[Start of section]

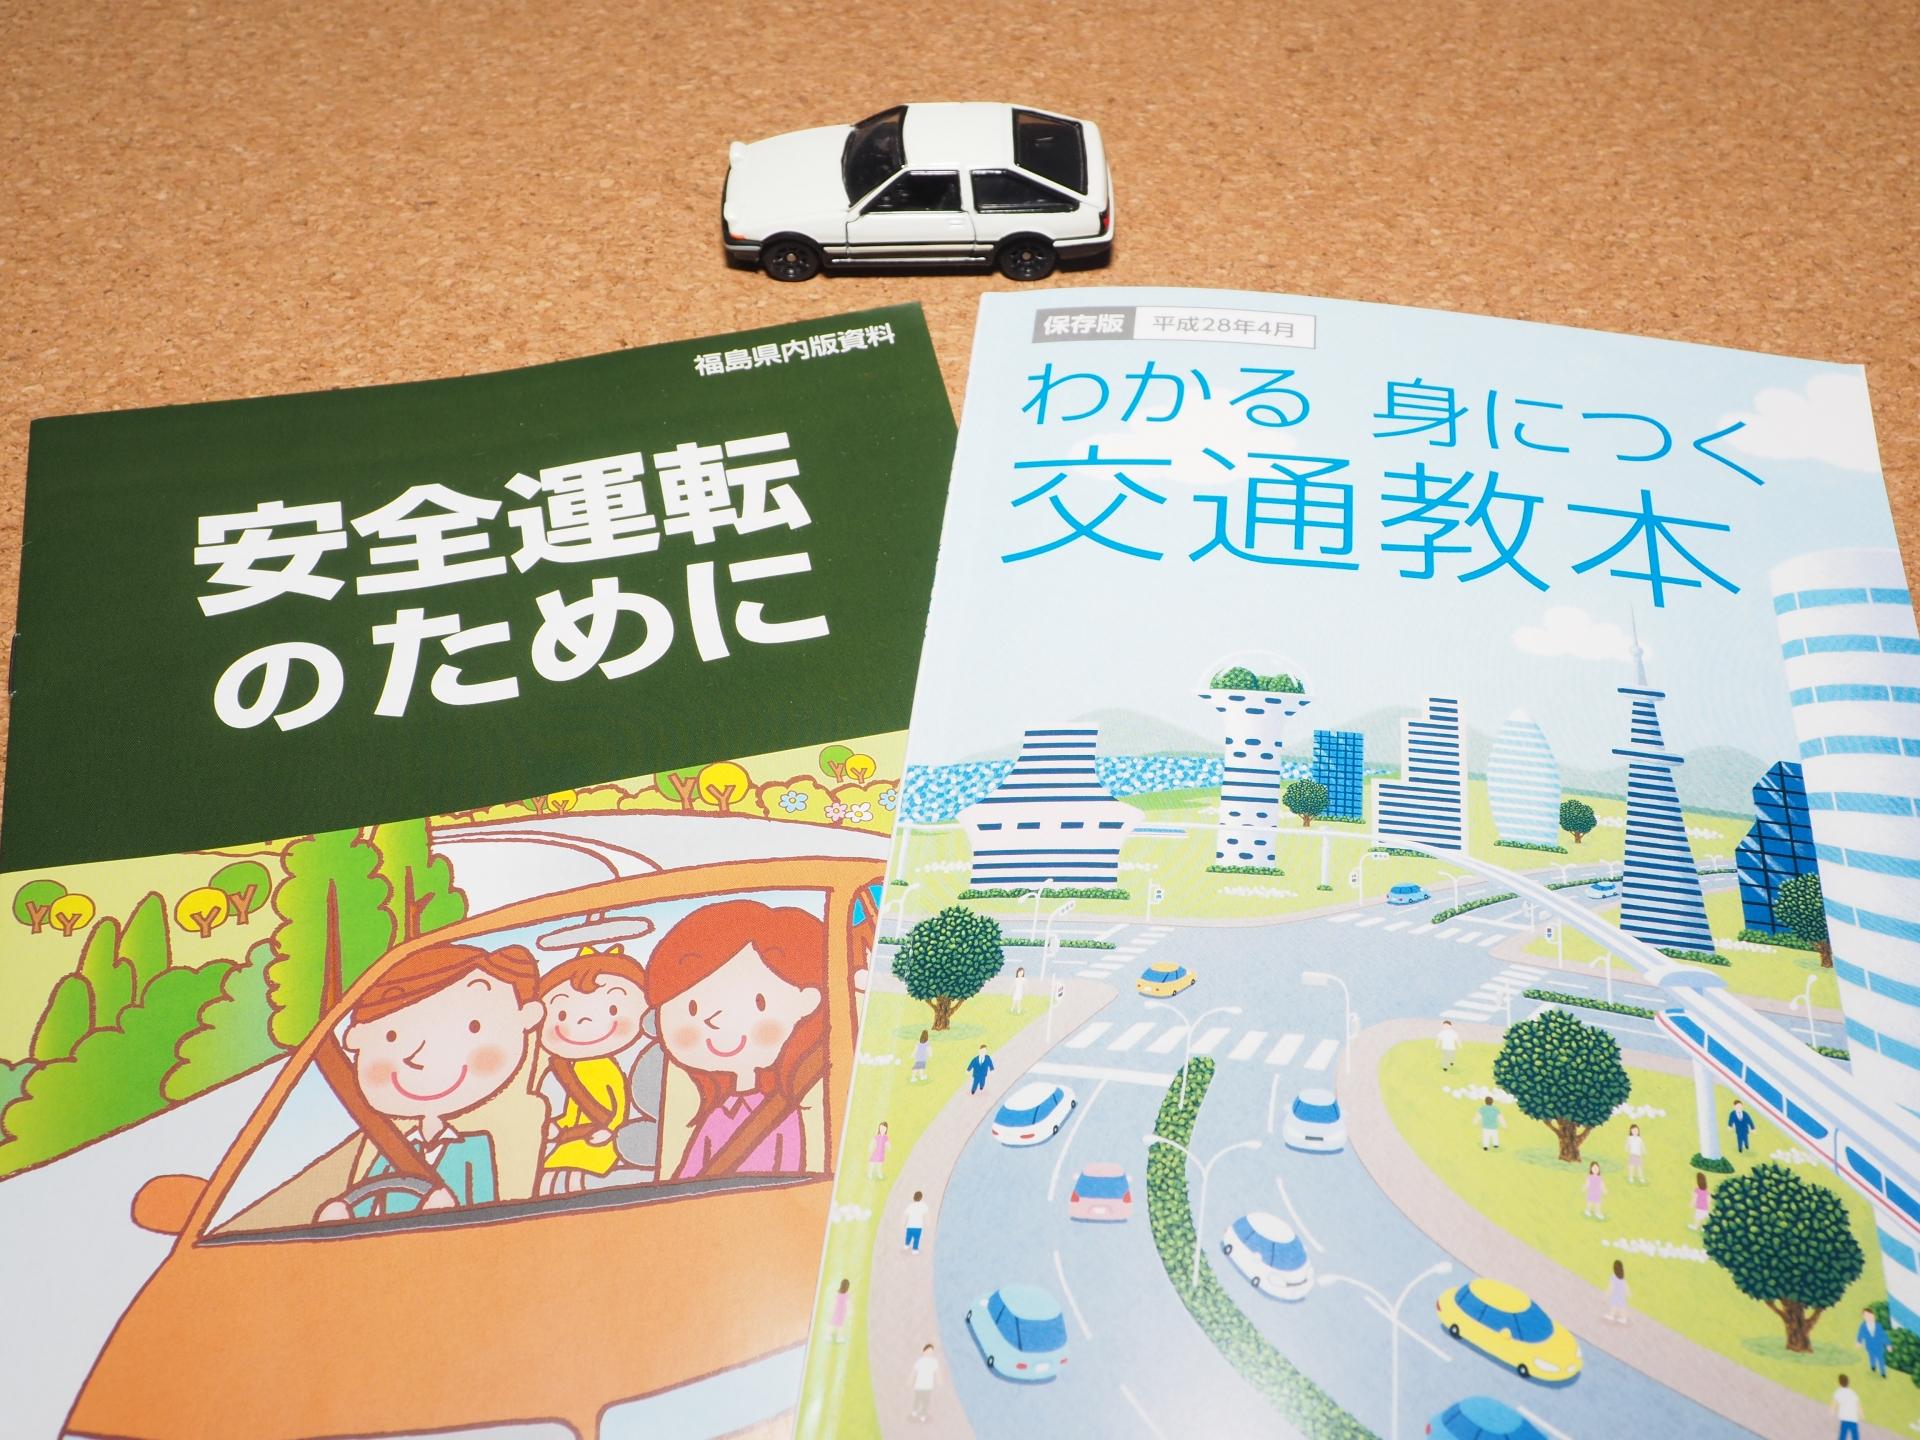 年中交通安全週間!運転免許証の色の違いを分かりやすくまとめてみたよ!
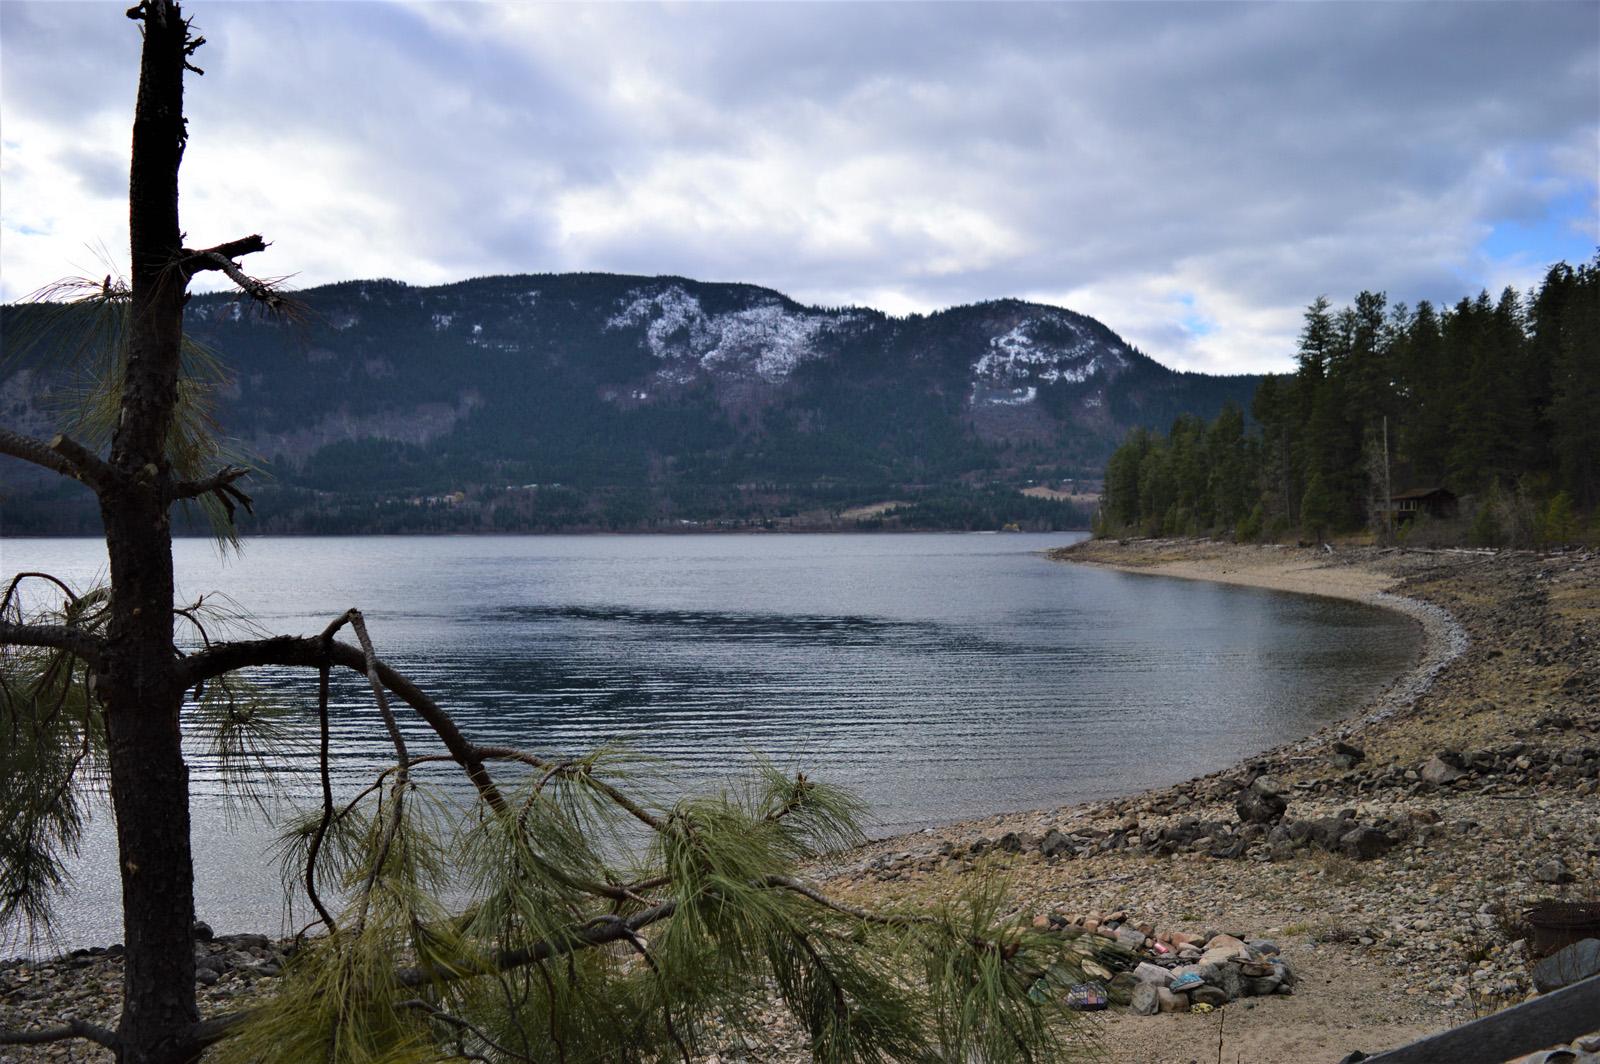 Little shuswap lake 19
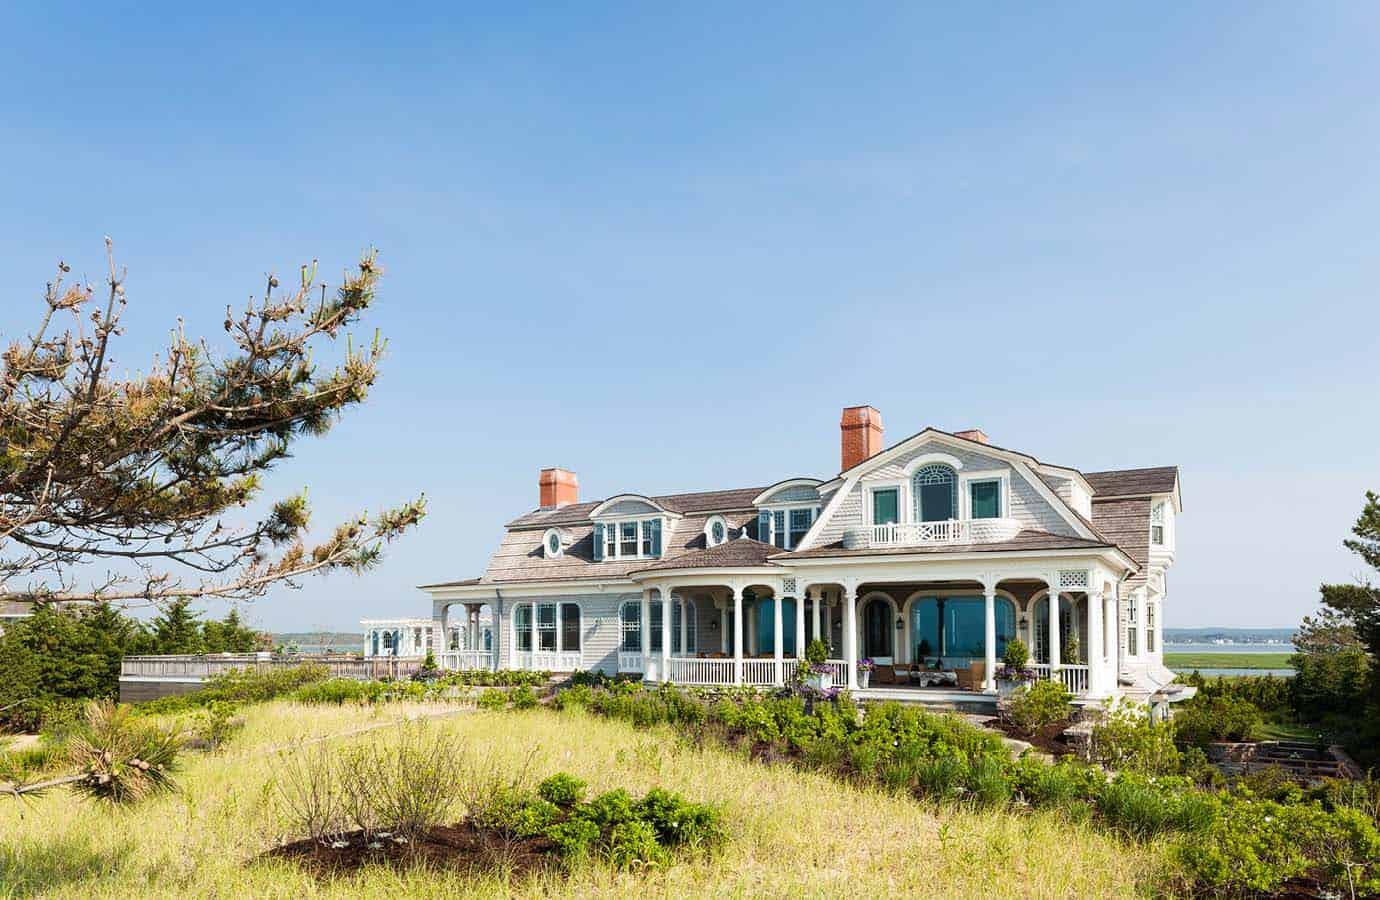 maison-de-plage-exterieur
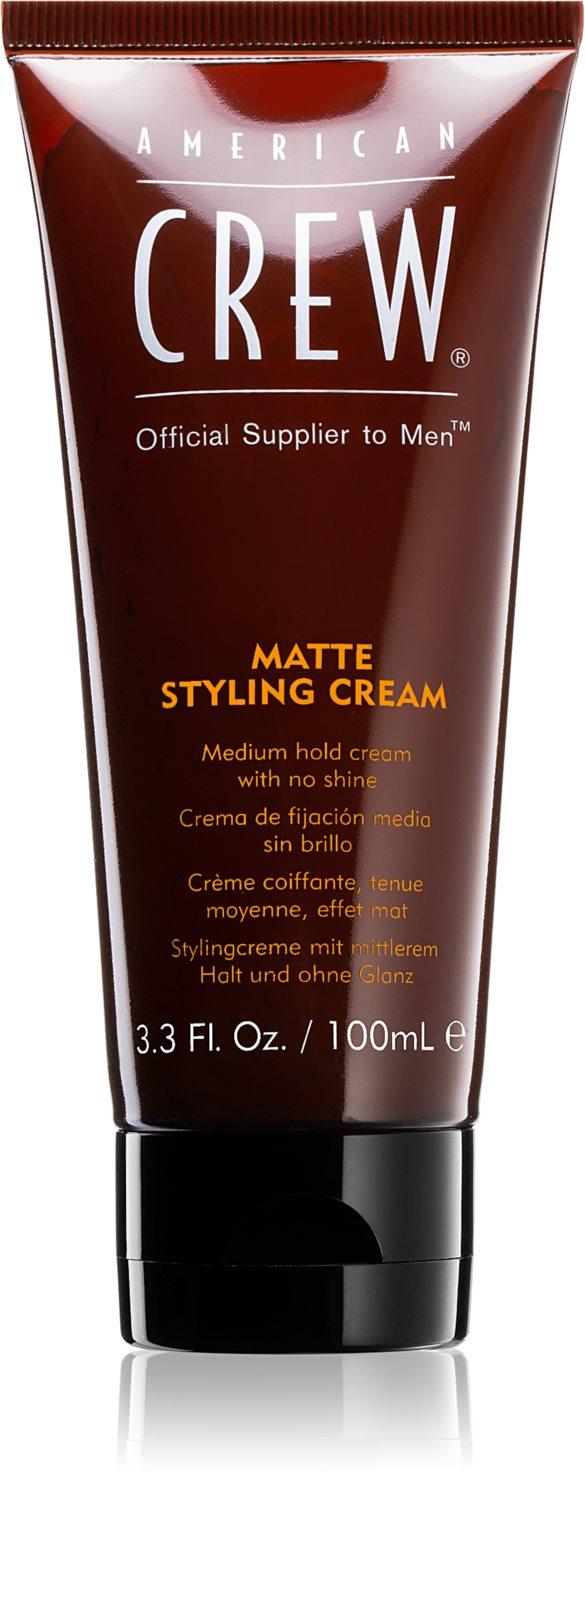 American Crew Styling Matte Styling Cream - středně tužící gel s matným vzhledem, 100 ml

[End of section]

Retype the data above exactly, dropping every picture.

 年中交通安全週間!運転免許証の色の違いを分かりやすくまとめてみたよ!
 Little shuswap lake 19
 maison-de-plage-exterieur
 American Crew Styling Matte Styling Cream - středně tužící gel s matným vzhledem, 100 ml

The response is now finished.